ZhiWei Shi created HDFS-16574:
---------------------------------
Summary: Reduces the time it takes once to hold FSNamesystem write
lock to remove blocks associated with dead data nodes
Key: HDFS-16574
URL: https://issues.apache.org/jira/browse/HDFS-16574
Project: Hadoop HDFS
Issue Type: Improvement
Components: namenode
Reporter: ZhiWei Shi
Assignee: ZhiWei Shi
In {{{}BlockManager.{}}}removeBlocksAssociatedTo(final DatanodeStorageInfo
storageInfo)
{code:java}
/** Remove the blocks associated to the given datanode. */
void removeBlocksAssociatedTo(final DatanodeDescriptor node) {
providedStorageMap.removeDatanode(node);
final Iterator<BlockInfo> it = node.getBlockIterator();
while(it.hasNext()) {
removeStoredBlock(it.next(), node);
}
// Remove all pending DN messages referencing this DN.
pendingDNMessages.removeAllMessagesForDatanode(node);
node.resetBlocks();
invalidateBlocks.remove(node);
}
{code}
it holds FSNamesystem write lock to remove all blocks associated with a dead
data node,which can take a lot of time when the datanode has a large number of
blocks. eg :49.2s for 22.30M blocks,7.9s for 2.84M blocks.
{code:java}
# ${ip-1} has 22304612 blocks
2022-05-08 13:43:35,864 INFO org.apache.hadoop.net.NetworkTopology: Removing a
node: /default-rack/${ip-1}:800
2022-05-08 13:43:35,864 INFO
org.apache.hadoop.hdfs.server.namenode.FSNamesystem: FSNamesystem write lock
held for 49184 ms via
java.lang.Thread.getStackTrace(Thread.java:1552)
org.apache.hadoop.util.StringUtils.getStackTrace(StringUtils.java:1021)
org.apache.hadoop.hdfs.server.namenode.FSNamesystemLock.writeUnlock(FSNamesystemLock.java:263)
org.apache.hadoop.hdfs.server.namenode.FSNamesystemLock.writeUnlock(FSNamesystemLock.java:220)
org.apache.hadoop.hdfs.server.namenode.FSNamesystem.writeUnlock(FSNamesystem.java:1579)
org.apache.hadoop.hdfs.server.blockmanagement.HeartbeatManager.heartbeatCheck(HeartbeatManager.java:409)

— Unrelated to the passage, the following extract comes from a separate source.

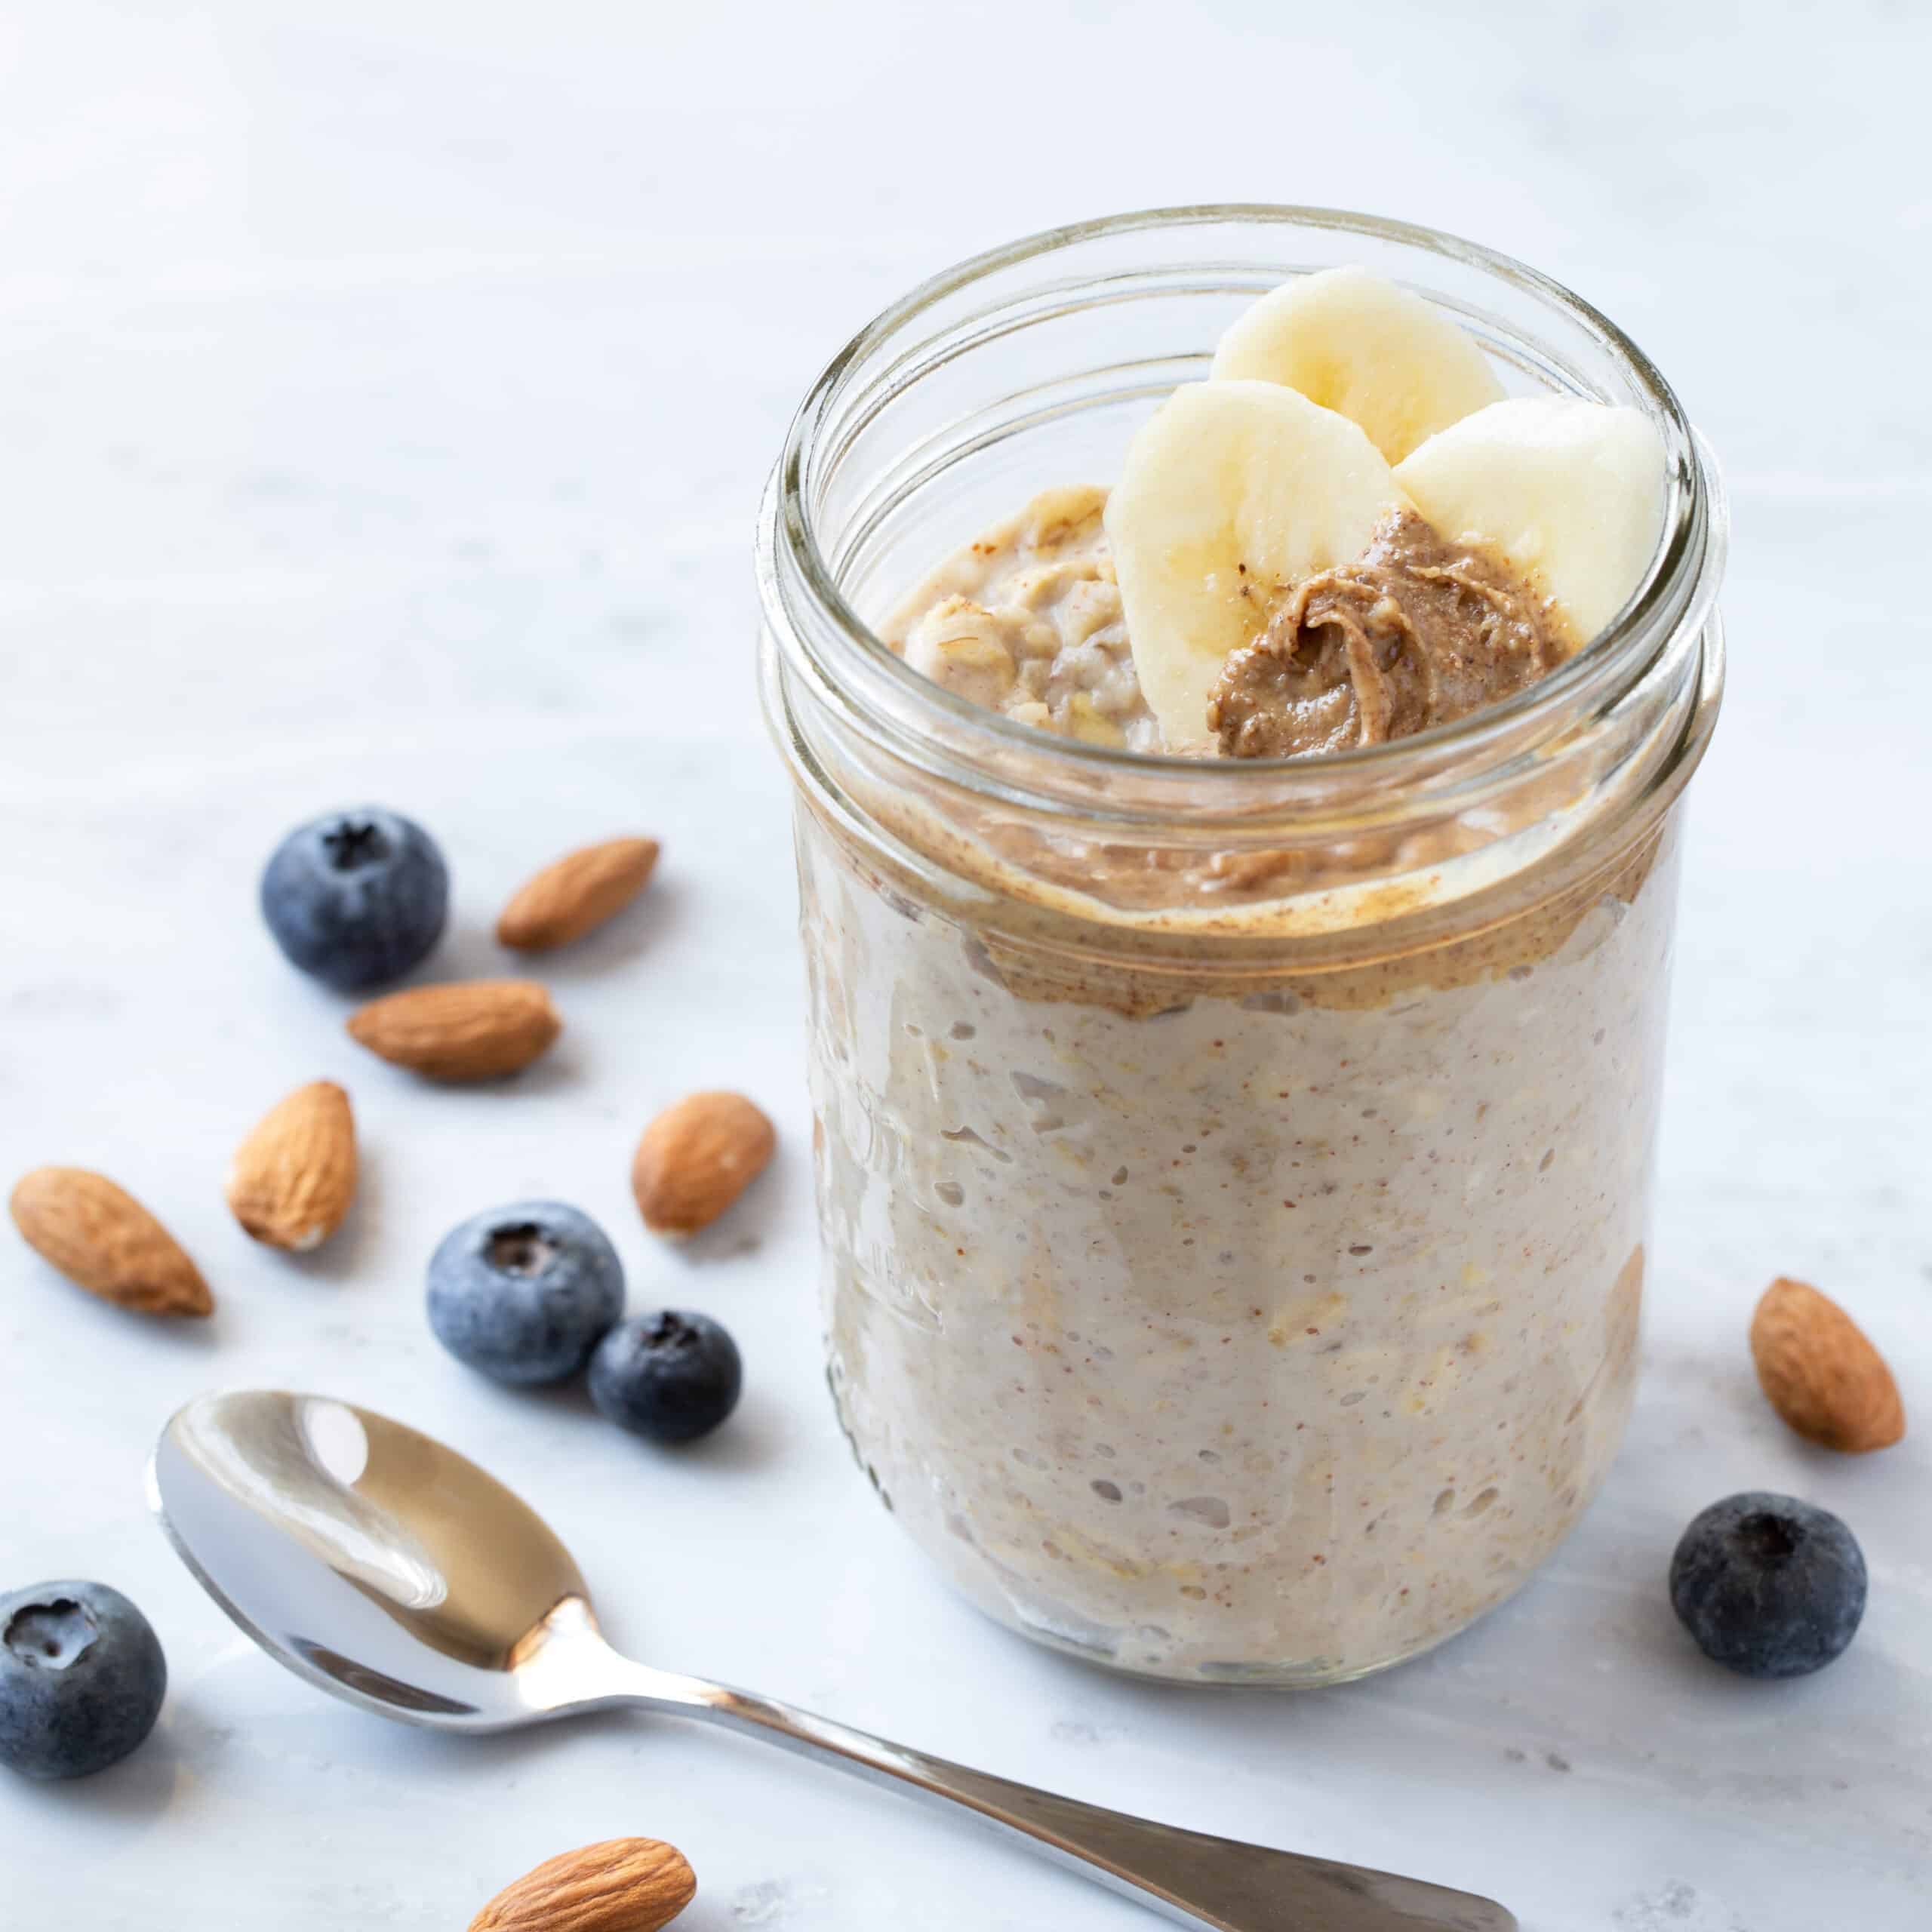 Homemade overnight oats in a jar with fruit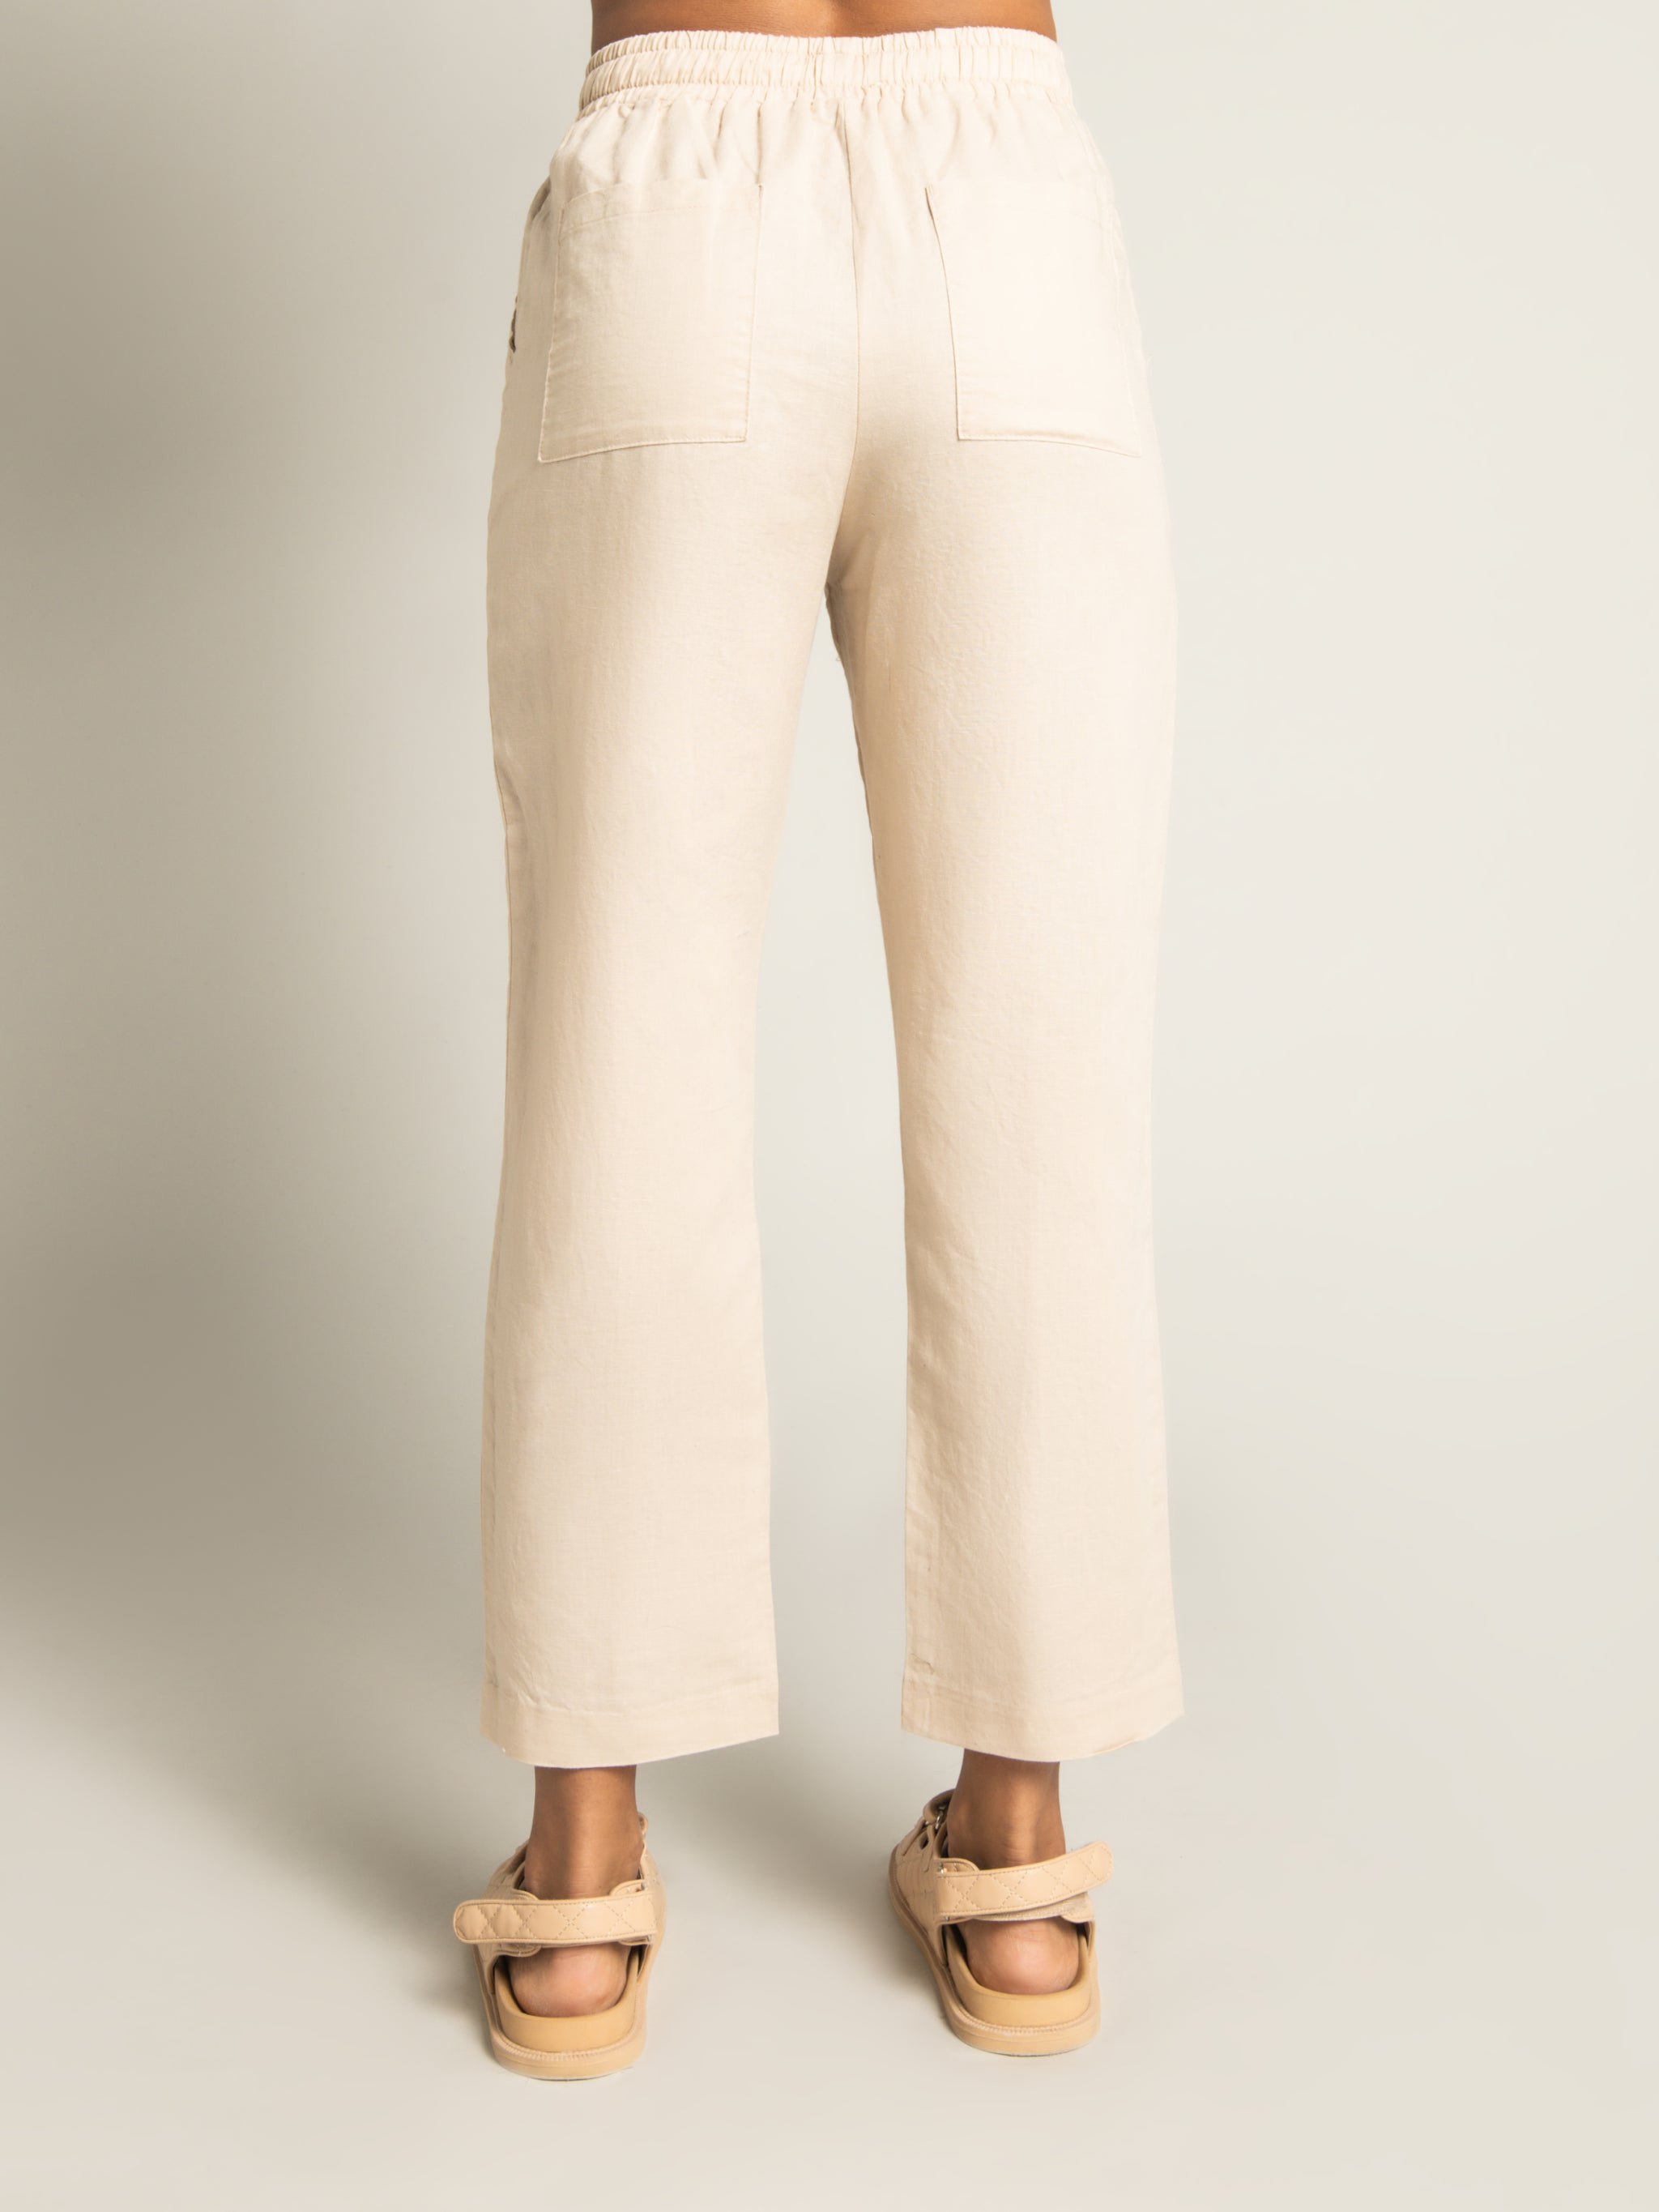 Classic Linen Pants in Sand - Glue Store

org.apache.hadoop.hdfs.server.blockmanagement.HeartbeatManager$Monitor.run(HeartbeatManager.java:436)
java.lang.Thread.run(Thread.java:745)
Number of suppressed write-lock reports: 0
Longest write-lock held interval: 49184
# ${ip-2} has 22304612 blocks
2022-05-08 08:11:55,559 INFO org.apache.hadoop.net.NetworkTopology: Removing a
node: /default-rack/${ip-2}:800
2022-05-08 08:11:55,560 INFO
org.apache.hadoop.hdfs.server.namenode.FSNamesystem: FSNamesystem write lock
held for 7925 ms via
java.lang.Thread.getStackTrace(Thread.java:1552)
org.apache.hadoop.util.StringUtils.getStackTrace(StringUtils.java:1021)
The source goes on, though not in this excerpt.